La sera in cui Hektor fece ritorno al casolare, uno stuolo di passeri, accolse il suo arrivo.
Nonno Franco si stupì, ma giusto il tempo di affinare l’ingegno: le “bestie” alate eran lì per l’incuria. Una terra non custodita era facile preda dei viandanti, e delle creature che popolavano miseri nidi.
Sciolse la lingua in improperi e dileguò, con una corsa affannata, le piume irriverenti.
Fu subito silenzio.
Tutt’intorno la terra s’inchinò all’arrivo del padrone, riassettando con un disegno di luce, i confini della cara proprietà. Il vecchio lanciò un’occhiata all’indirizzo del vicino, semmai brevi impronte di passi estranei, avessero violato i limiti e il rispetto.

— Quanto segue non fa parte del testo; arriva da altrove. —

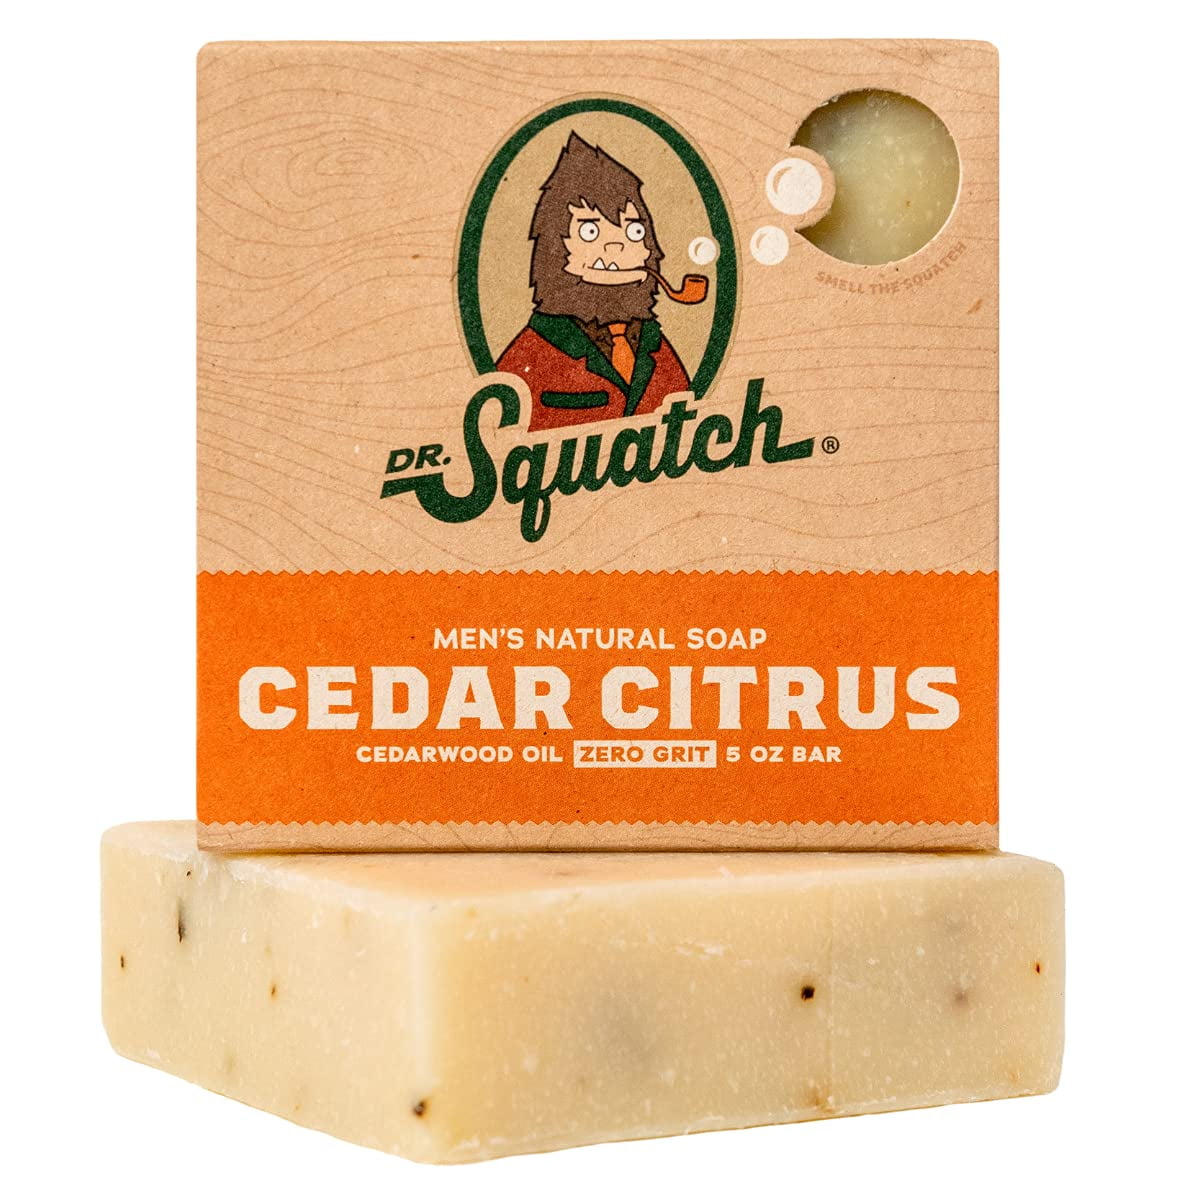 Dr. Squatch Soap – All-Natural Mens Soap w/ Natural Scents, Handmade in USA

I solchi dell’aratro erano ancora visibili ed intatti, e nel suo silenzio, il vecchio, ringraziò ‘mba Santino Lafranceschina. Un uomo d’onore e un vicino senza macchia. Un mulo di fatica. Proprio come lui.
Era tardo pomeriggio, l’ora in cui le anime si auspicano un dolce riposo. L’ora dei propositi.
Hektor svestì la nostalgia del viaggio e si abbandonò in un sonno profondo…
(tratto da Metà carne, metà ricordo).